- Born: Lee Raymond Baxandall January 26, 1935 Oshkosh, Wisconsin, U.S.
- Died: November 28, 2008 (aged 73) Oshkosh, Wisconsin, U.S.
- Occupations: Writer; activist;
- Spouses: ; Rosalyn Fraad ​ ​(m. 1962, divorced)​ ; Johanna Moore ​(m. 1992)​
- Children: Phineas Baxandall

= Lee Baxandall =

American activist and writer (1935–2008)

Lee Raymond Baxandall (January 26, 1935 – November 28, 2008) was an American writer, translator, editor, and activist. He was first known for his New Left engagement with cultural topics and then as a leader of the naturist movement.

== Early life ==
Lee R. Baxandall was born on January 26, 1935, in Oshkosh, Wisconsin, to Neita Evelyn (née Lee) and Raymond W. Baxandall. He attended Oshkosh High School. He attended the University of Wisconsin in Madison, where he obtained a Bachelor of Arts in 1957 and a Master of Arts in 1958 in English, studied comparative literature at the doctoral level, and became one of the editors of Studies on the Left, a New Left intellectual journal known for its free-wheeling qualities. In 1960, Baxandall traveled to revolutionary Cuba.

== Theatre work ==
Throughout the 1960s and 1970s, Baxandall demonstrated a strong interest in the relationship between culture, particularly theatre, and radicalism. He translated plays by Peter Weiss and Bertolt Brecht, edited a collection of writings by the German social critic and psychologist Wilhelm Reich, compiled an annotated bibliography on Marxism and aesthetics, and wrote numerous essays on major literary figures, including Bertolt Brecht and Franz Kafka. In 1965 he gave lectures at the Free University of New York on 'Marxist approaches to the Avant-Garde Arts. Baxandall also wrote plays. His Hiroshima Requiem about the U.S. atomic bombing of Hiroshima, Japan was put to music by Leonard Lehrman and performed in 1990. His play Potsy, which was chiefly a monolog in an outhouse, was also performed, as was his play Claws of the Eagle − Claws of the Jaguar, which he wrote in 1967.

== Leftist writing ==
In 1973, he edited a collection of writings by Karl Marx and Friedrich Engels on art and literature with Polish philosopher Stefan Morawski. Baxandall's writing appeared in a wide variety of venues, from left-wing periodicals such as The Nation, New Politics, The National Guardian, and Liberation, to mainstream publications including The New York Times and intellectual-cultural outlets such as Partisan Review, The Journal of Aesthetics and Art Criticism, and New German Critique.

== Naturism ==
After the death of his father in 1970, Baxandall increasingly shifted his time back to Oshkosh. He took over his father's education publishing business, The Baxandall Company. By the late 1970s, naturism become the main focus of Baxandall's activism. He first took up the activity as an Eagle Scout in Wisconsin and frequented a free beach with his family at Cape Cod National Seashore in the 1960s and 1970s. In 1974, he travelled to the West Coast of the United States to meet founders of the free beach movement there: Eugene Callen and Cec Cinder. This became Beachfront USA. Having inherited his family's publishing business in Oshkosh in 1970, which he managed by traveling back there monthly and then by relocating to there permanently in 1978, Baxandall began to publish Free Beaches magazine and created the Free Beaches Documentation Center, collecting data from all over the world on nude beaches. In 1980, he published Lee Baxandall's World Guide to Nude Beaches & Recreation, a color guidebook locating places to go nude all over the world, which he succeeded in getting distributed through major book channels. It was updated and published again several times, the last being in 1996.
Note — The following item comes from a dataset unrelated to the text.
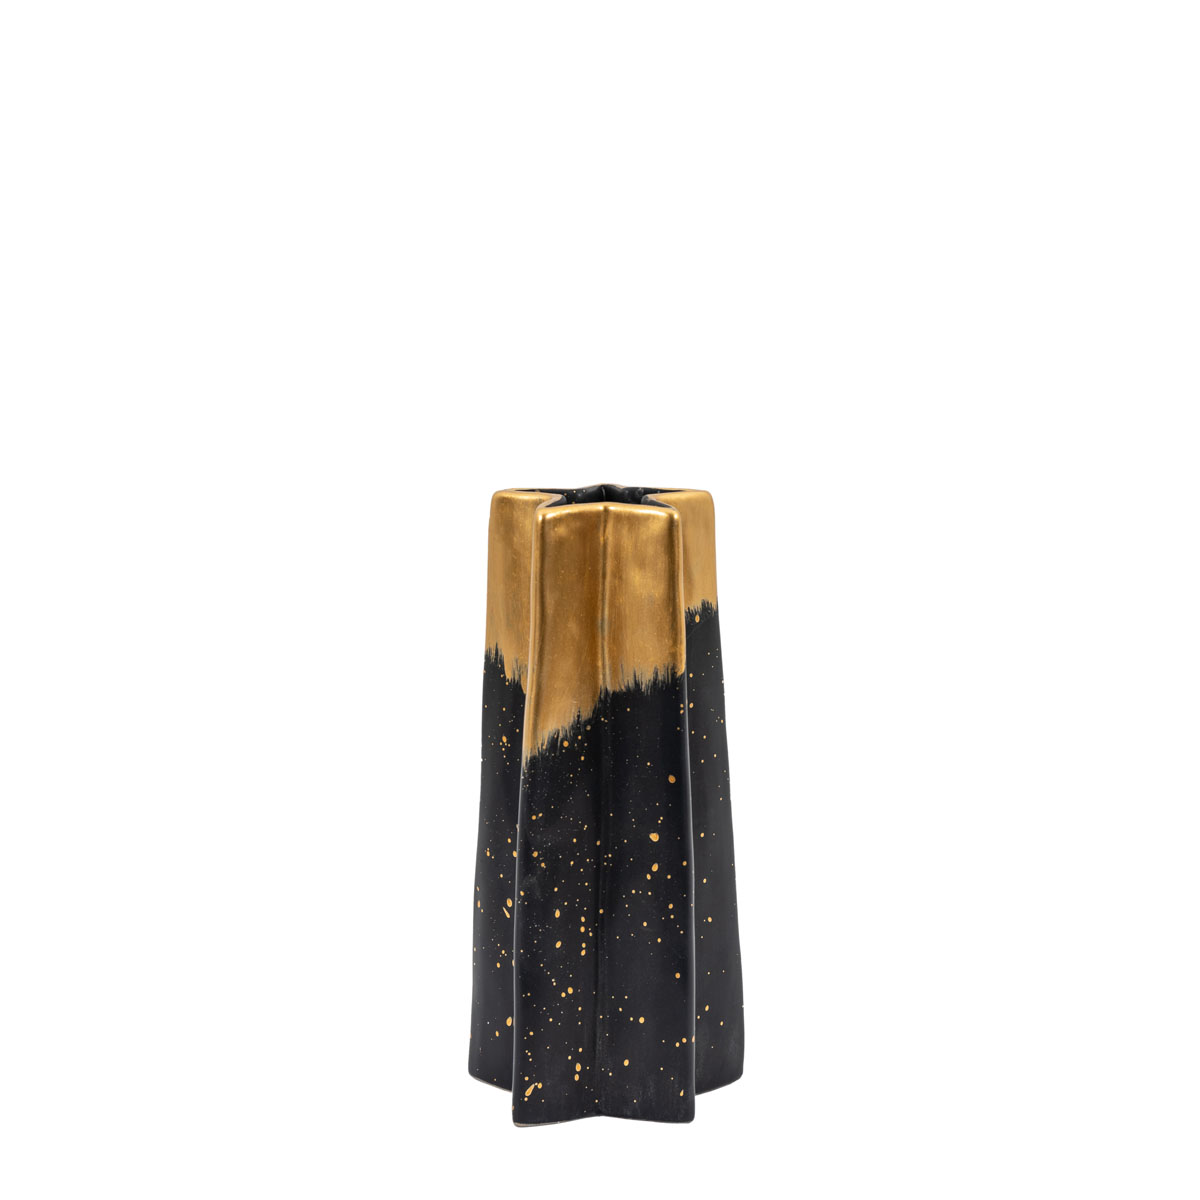 Shooting Star Vase Small Black Gold 105x105x235mm

Baxandall's view was that nudism fostered body acceptance and broke down the alienation and repression that stood in the way of the realization of full human potential. He founded The Naturist Society in 1980 and was the first editor of its magazine, Clothed with the Sun, launched in 1981 and renamed Nude & Natural in 1989. The Naturist Society had very inclusive membership policies, in contrast to the more conservative America Sunbathing Association, now known as the American Association for Nude Recreation. Baxandall is a member of their Nudist Hall Of Fame.

Baxandall was one of the originators, along with Eugene Callen, of "National Nude Weekend," later "National Nude Week", which he used to generate media attention for the cause. He helped organize and sponsor the first nationwide and later regional annual Naturist Gatherings, with seminars and nude fun for everyone. He also commissioned Edin and Ethel Vélez to produce a series of videos (World of Skinnydipping, etc.) depicting the naturist lifestyle and debunking myths surrounding nude recreation.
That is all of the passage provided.